## WORK REQUIRED
Using the records below, write out only the lines from the line containing "Date of Comisionar" up to and including the line containing "Lauren & Kaleb\'s", exactly, with no pictures.

## EXERCISE INPUT

☆ ☆ ☆ ☆ ☆ ☆ ☆

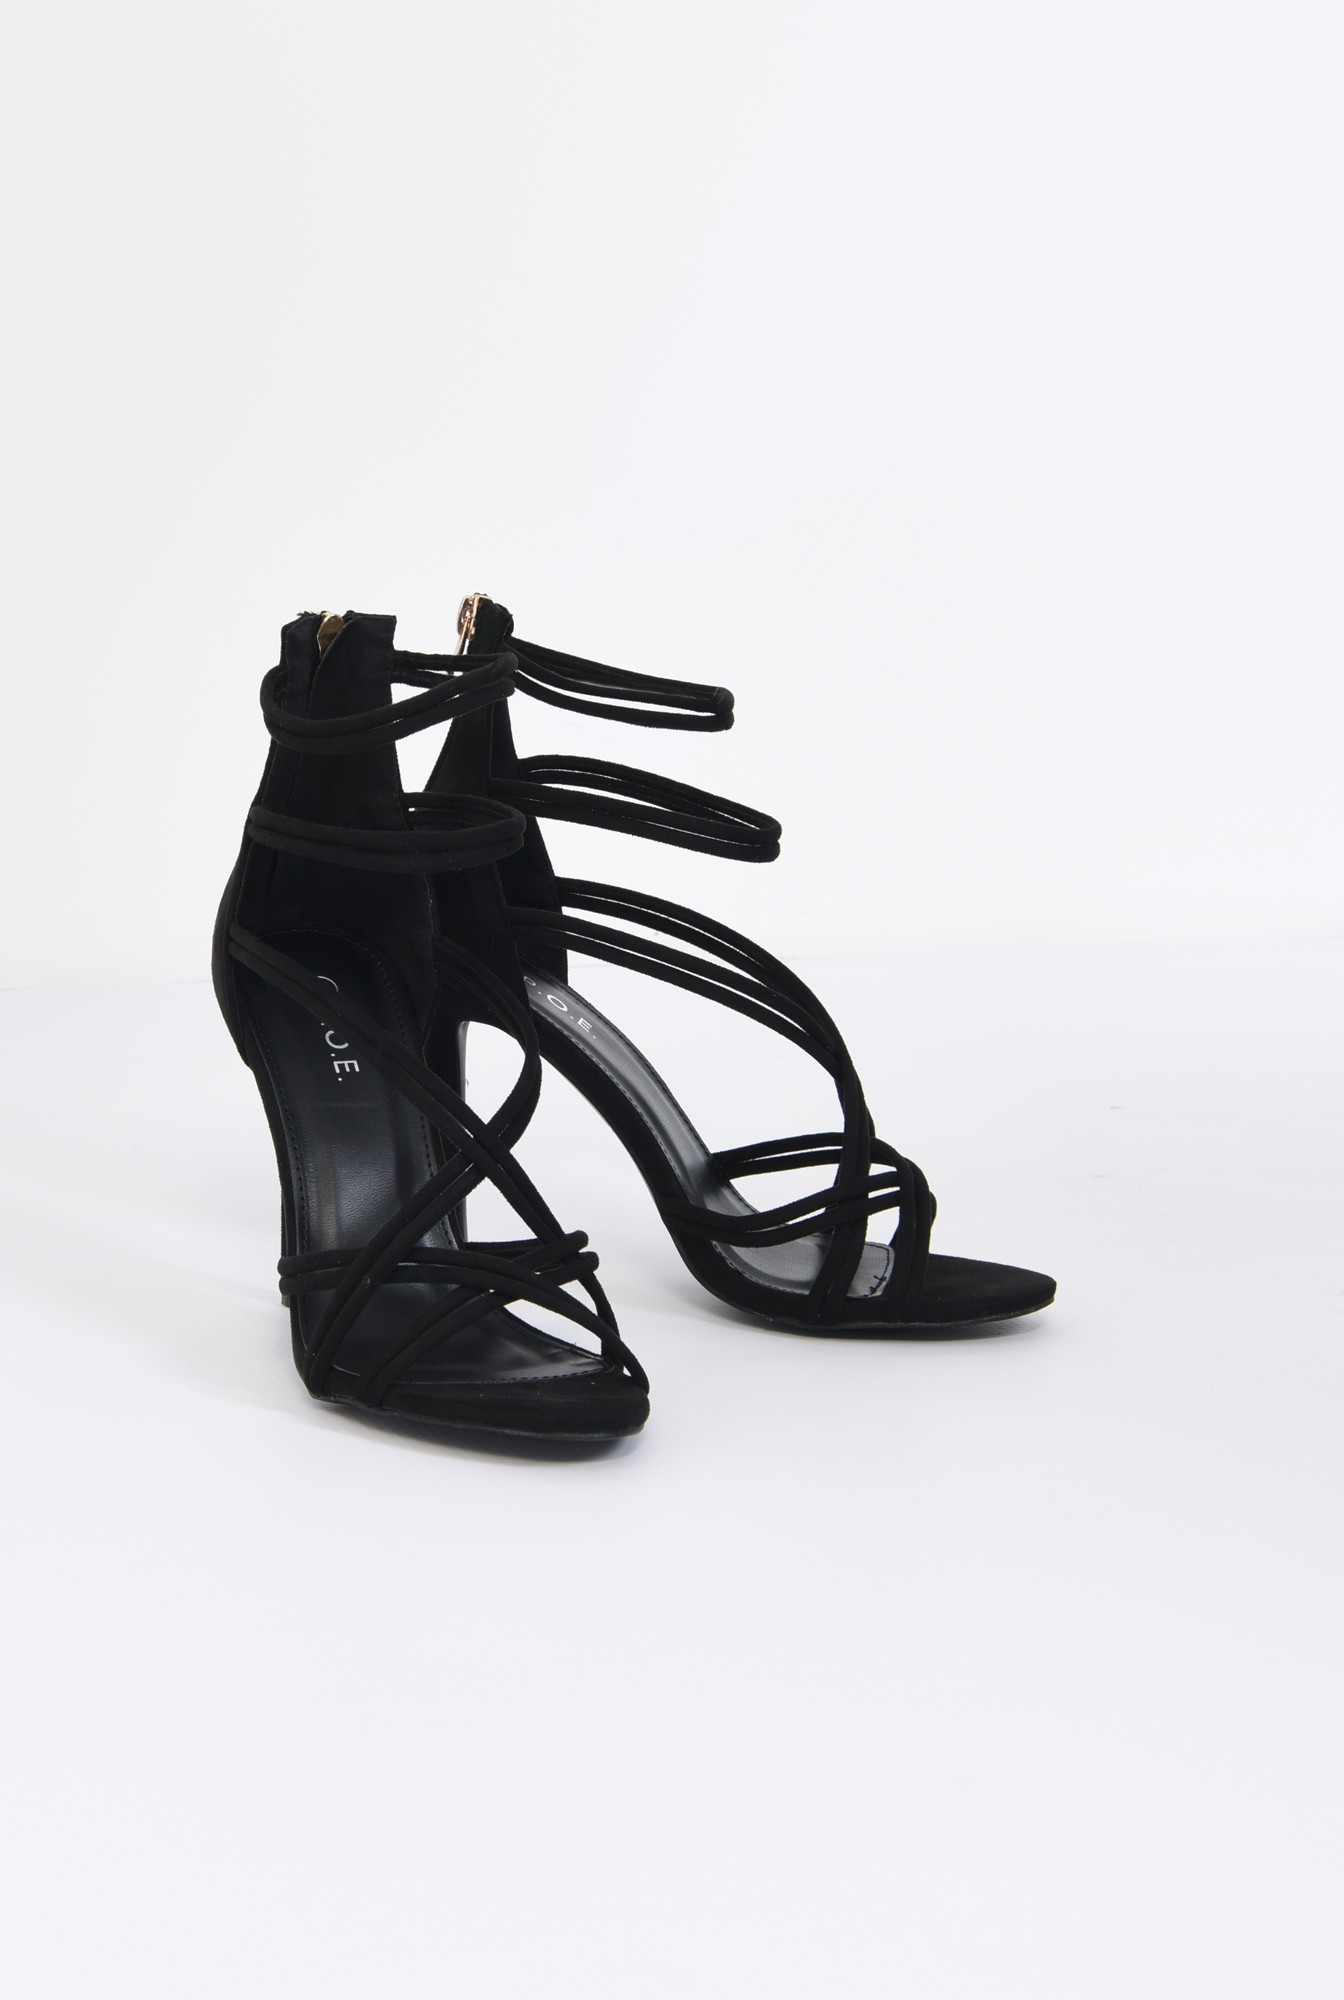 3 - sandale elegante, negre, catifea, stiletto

☆ ☆ ☆ ☆ ☆ ☆ ☆

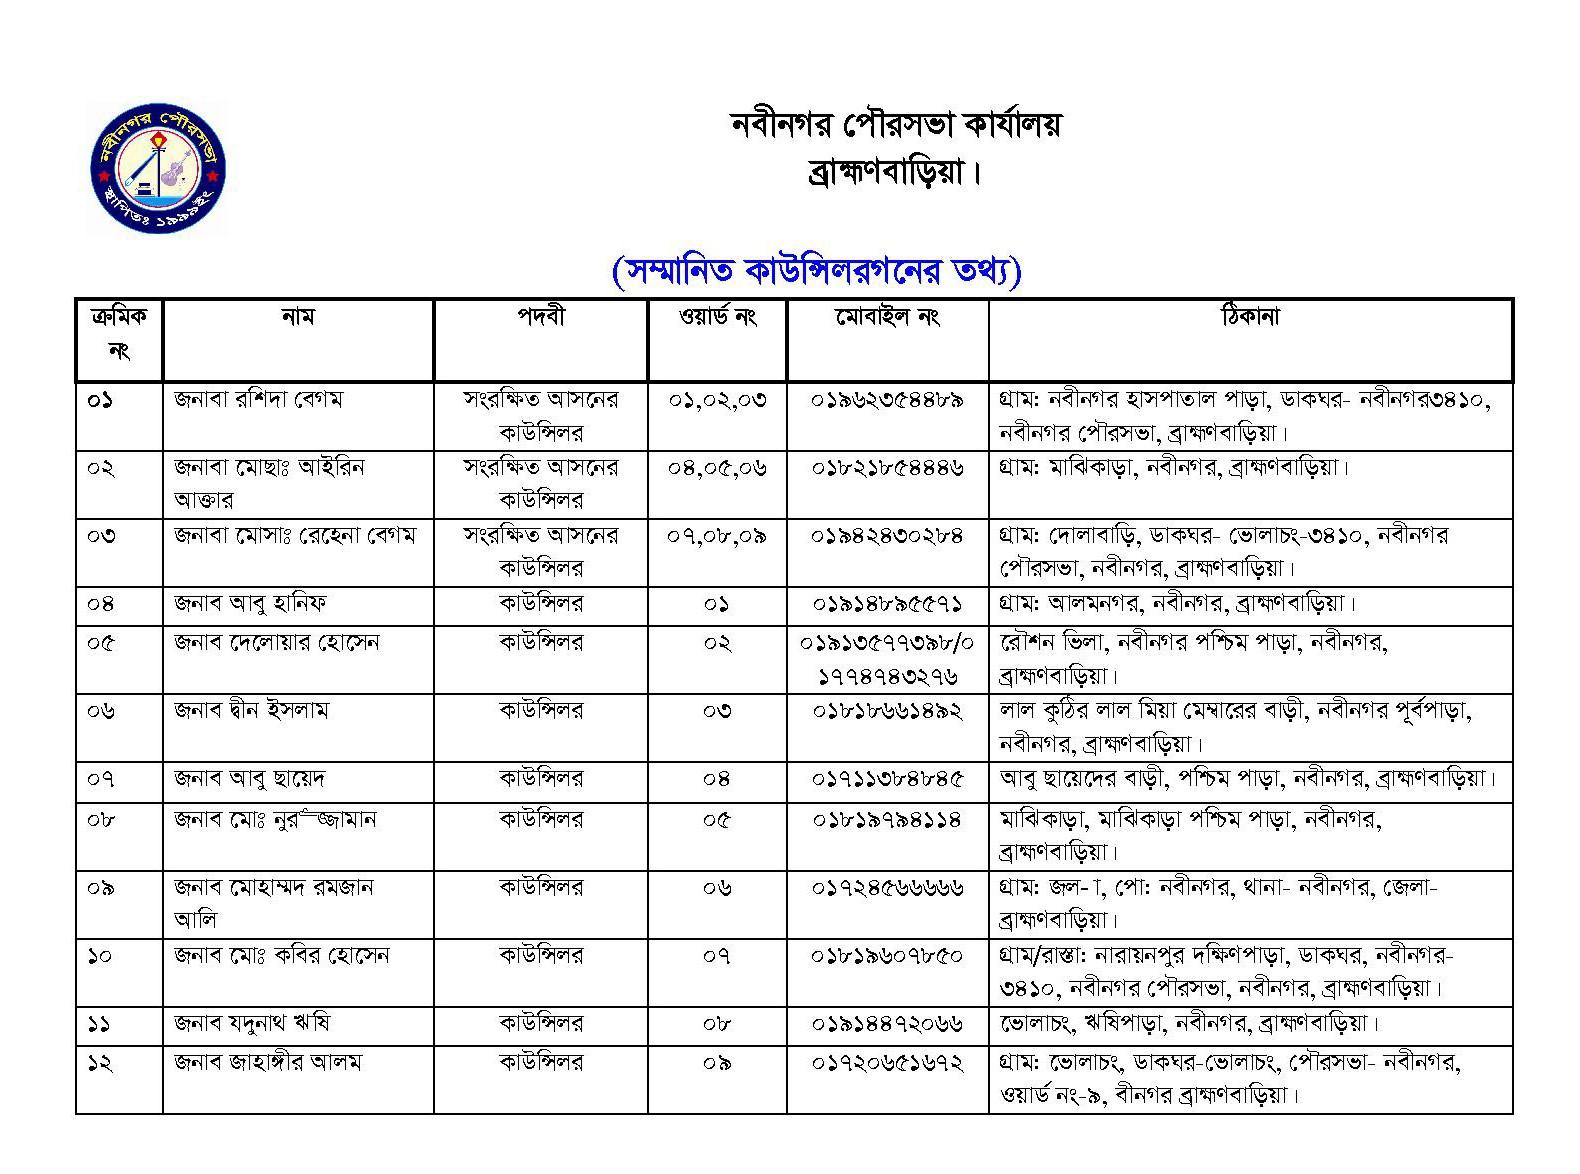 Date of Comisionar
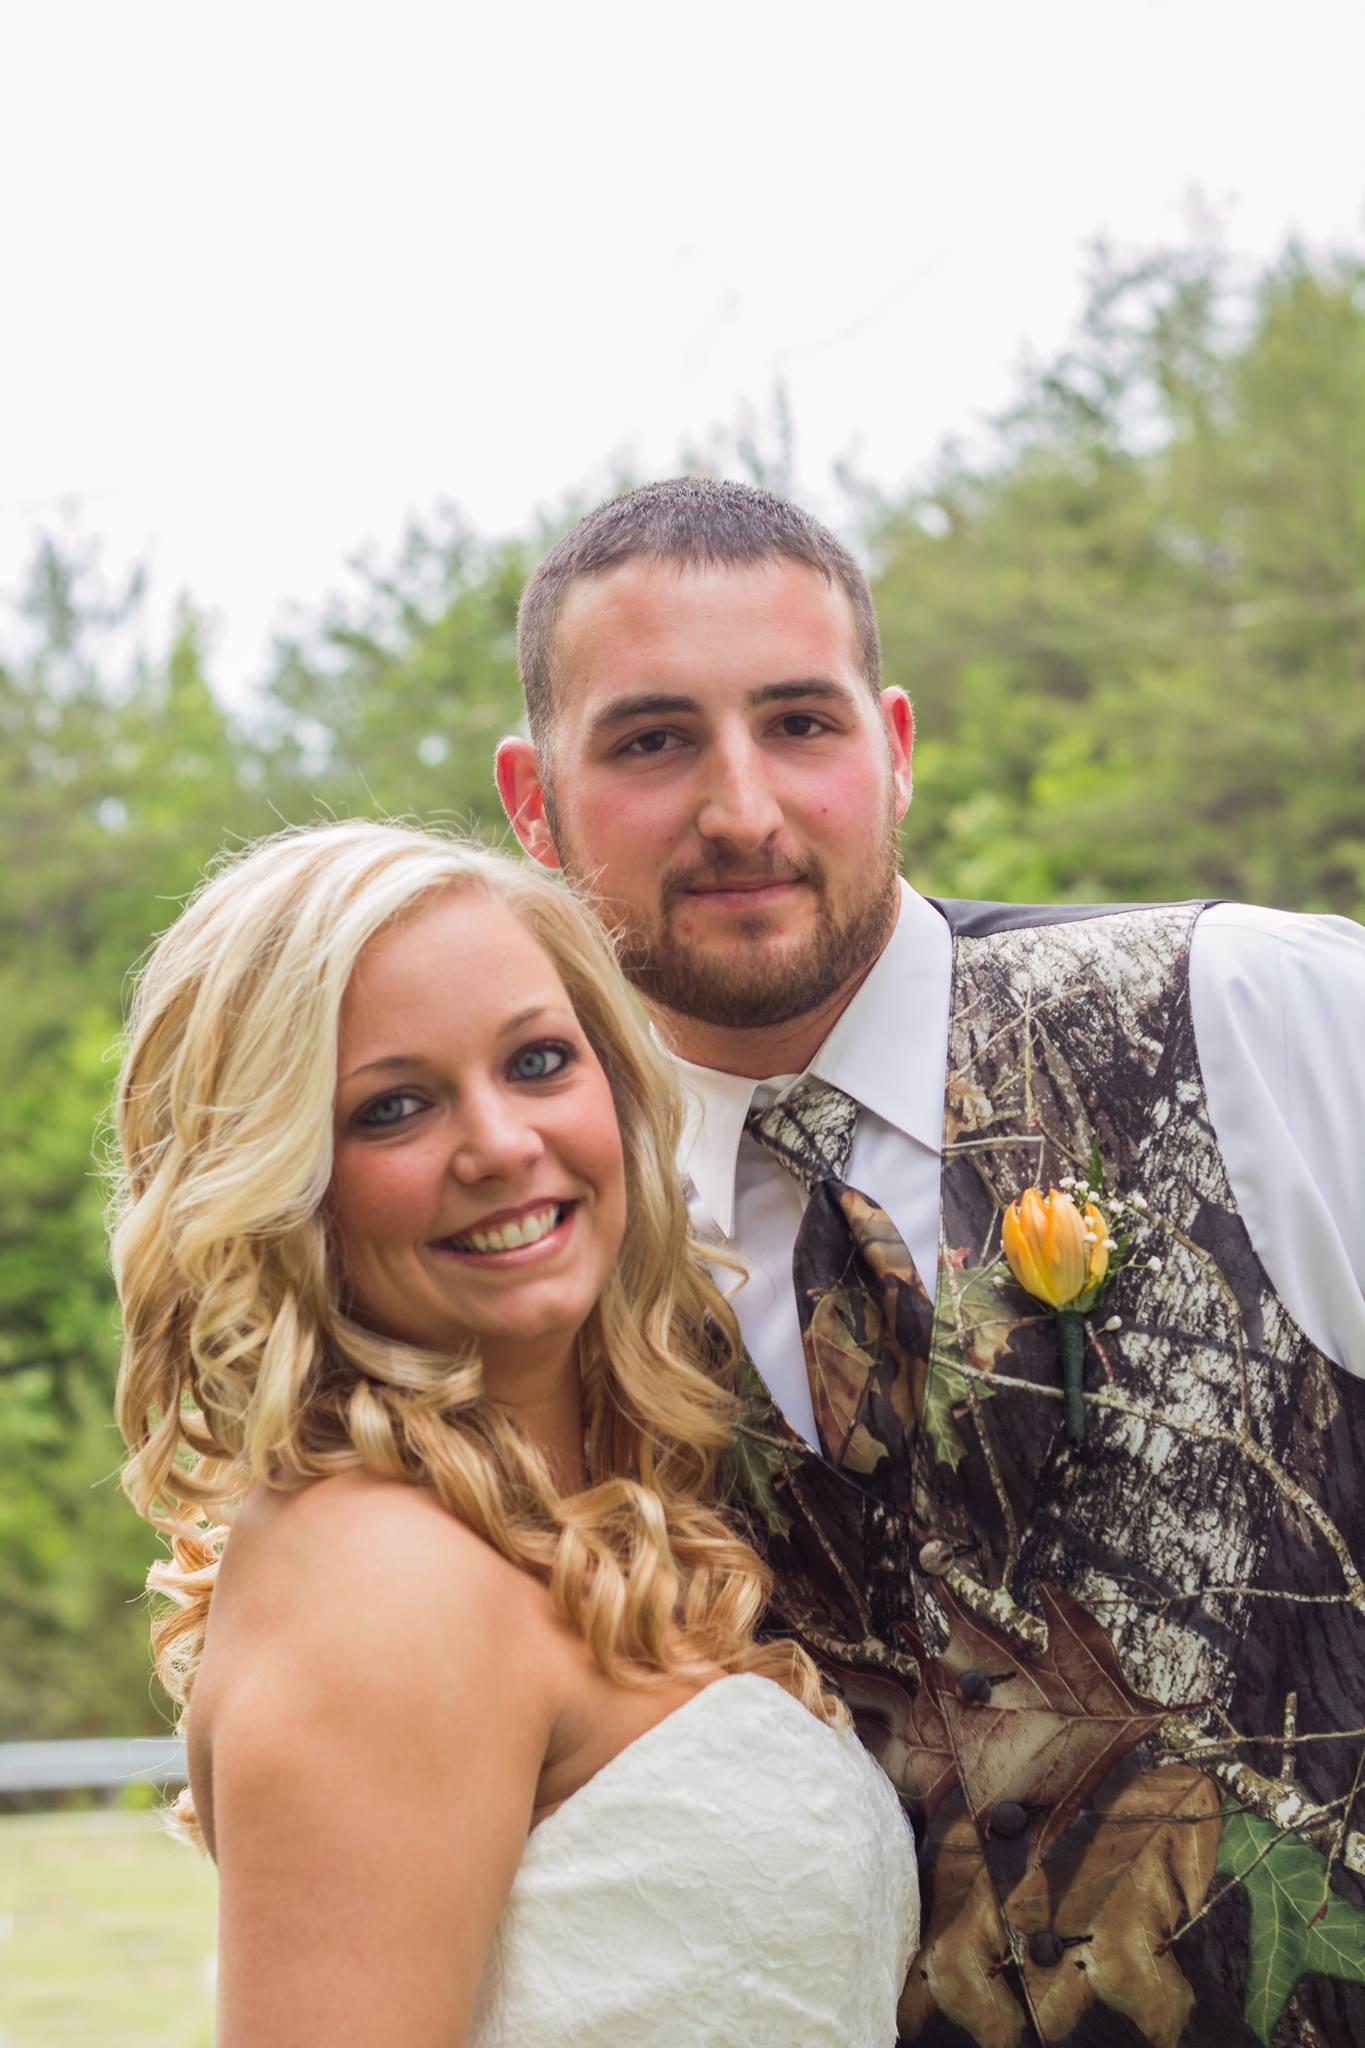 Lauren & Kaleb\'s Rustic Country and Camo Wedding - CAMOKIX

☆ ☆ ☆ ☆ ☆ ☆ ☆

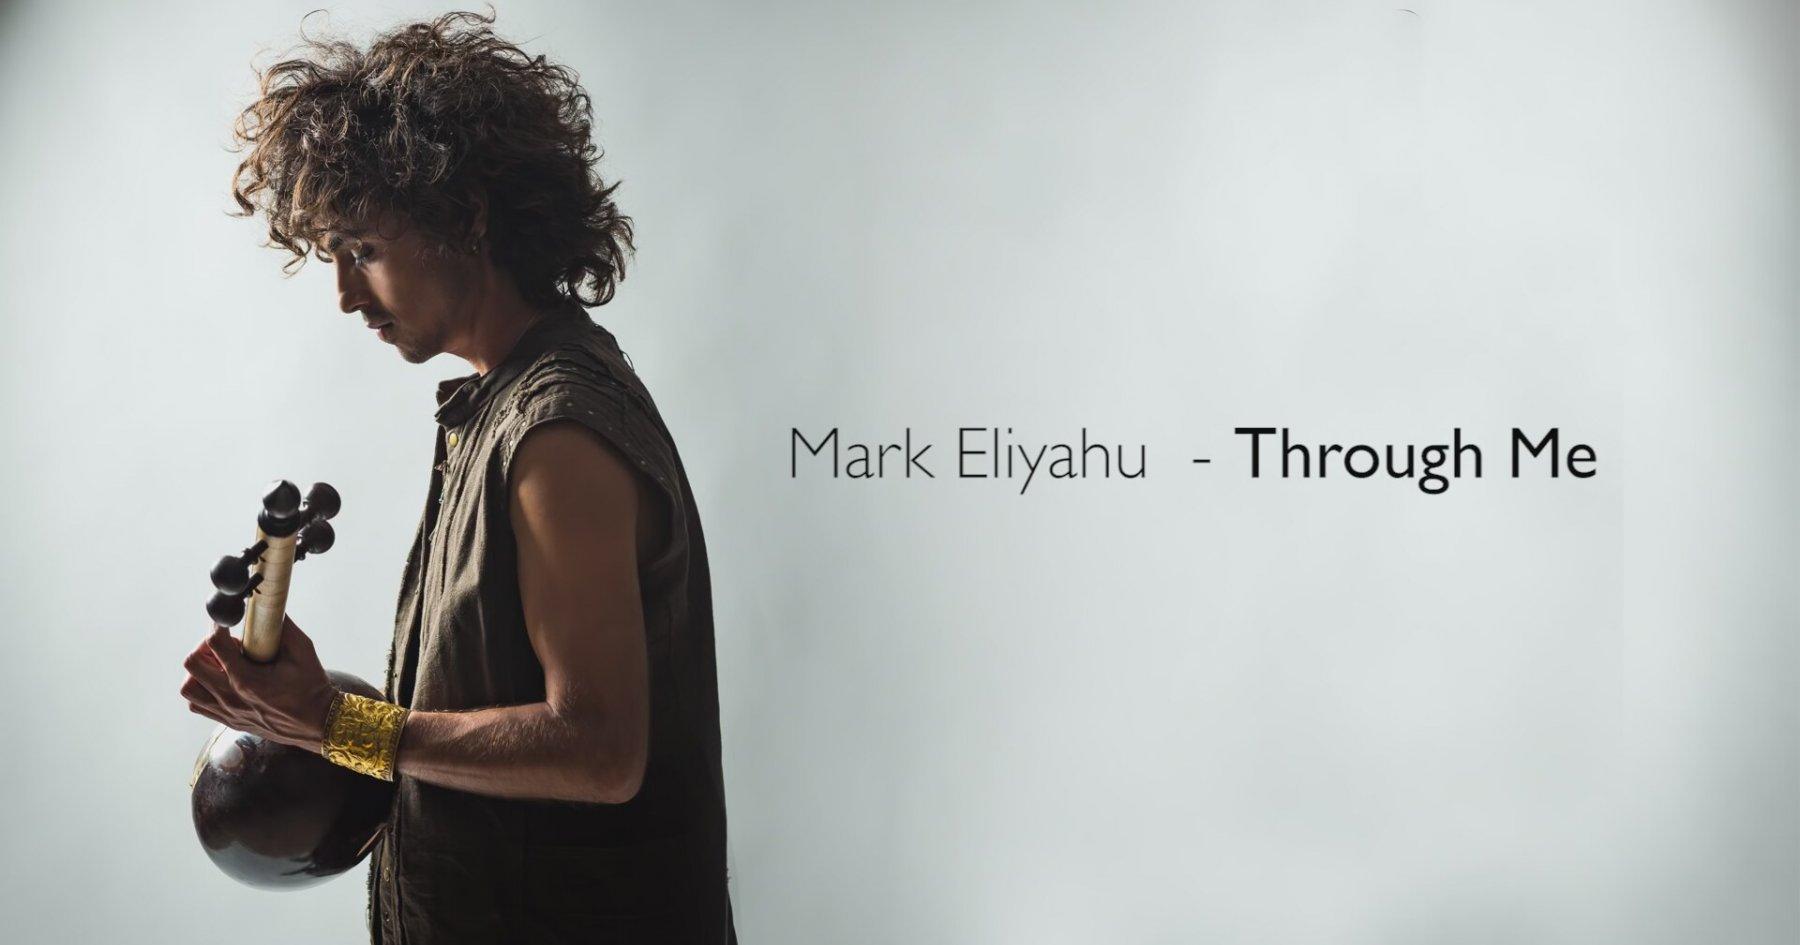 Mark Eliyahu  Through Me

☆ ☆ ☆ ☆ ☆ ☆ ☆

## RESPONSE TO THE EXERCISE
 Date of Comisionar
 Lauren & Kaleb\'s Rustic Country and Camo Wedding - CAMOKIX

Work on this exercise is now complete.